И понял, что не ошибся, – близость с ней доставила ему острую, небывалую, не испытанную с другими радость.
И, если она не солгала ему, ей тоже.
* * *
Он решил, что отныне они будут вместе, и она с радостью согласилась. Согласилась оставить свой дом, семью, работу, свою страну и уехать к нему.
Но тогда, два с половиной месяца назад, они расстались. На время.
Ей нужно было уладить в России свои дела (в частности, развестись с мужем), а он хотел сделать то, что давно уже собирался, – съездить в Гималаи, не без основания полагая, что после женитьбы его возможности свободно и в любое время разъезжать по всему миру сильно уменьшатся.
И вот он добрался до Гималаев.
Шамбалу не нашел, зато сам чуть не умер. И едва не совершил чудовищную, непоправимую ошибку.
Как такое могло случиться?
Наверное, думал Карл, меряя шагами утоптанный перед палаткой снег и поглядывая на светлеющее предрассветное небо, дело еще и в том, что после встречи с Деллой он тоже изменился.
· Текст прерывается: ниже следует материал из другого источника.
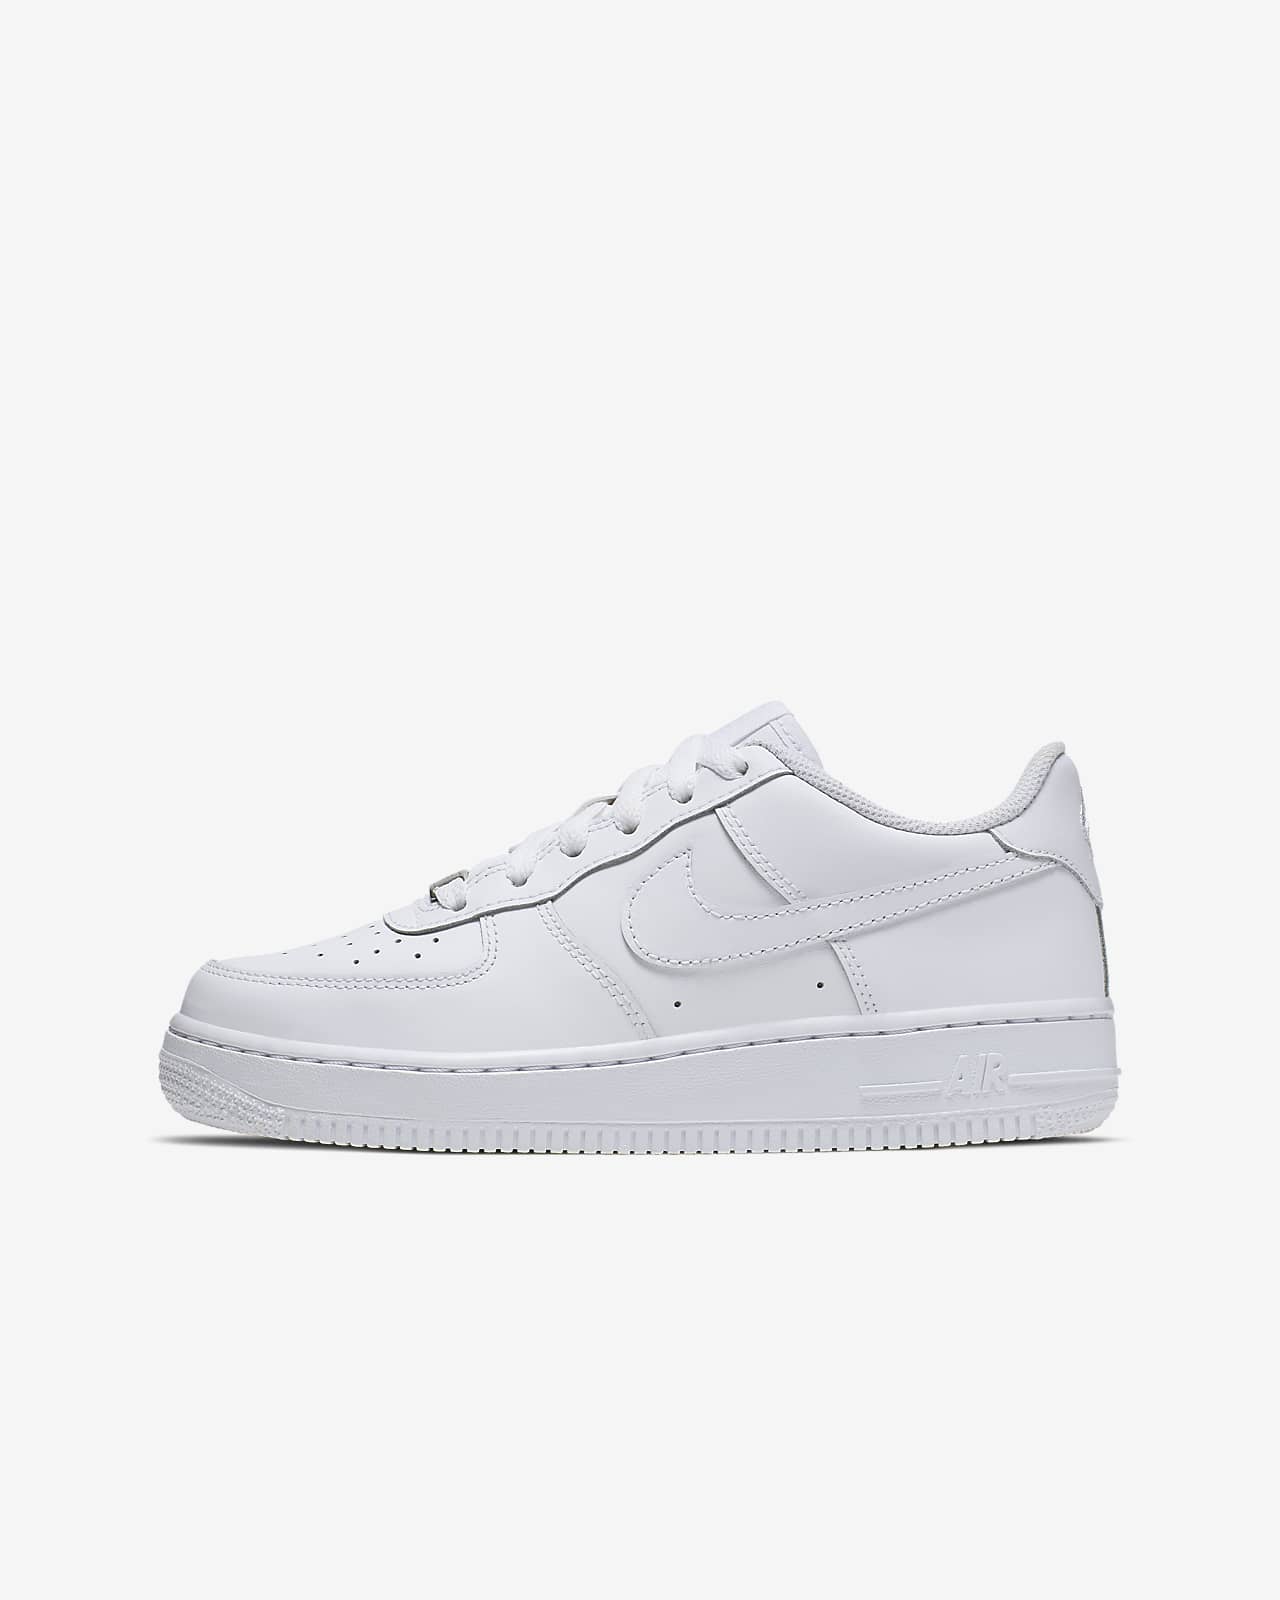 nike air force 1 youth size 5

Не только он разбудил ее, но и она растревожила в нем некие дремавшие чувства.
Он сбросил маску невозмутимости и хладнокровия, которую так долго носил и за которой чувствовал себя в полной безопасности, и открылся миру.
И мир не замедлил заметить его и потребовать дани. Или дара. Или и того, и другого вместе.
А Карл был совершенно к этому не готов. Он мнил себя сильным и невозмутимым, а оказался податлив и слаб. Он считал, что надежно защищен, что шутя справится с любой щекотливой ситуацией – раньше-то ведь справлялся. Он полагал, что его пробудившиеся чувства будут направлены исключительно на одну Деллу, а если вдруг устремятся в другом направлении, то он легко, одним волевым усилием, это исправит.
А оказалось, что все не так просто.
И нечего искать себе оправданий, говоря о совершенно особой ситуации, о невероятном стечении обстоятельств, о месте, времени и поразительной красоте девушки, – факт остается фактом. Карл чуть было не предал Деллу.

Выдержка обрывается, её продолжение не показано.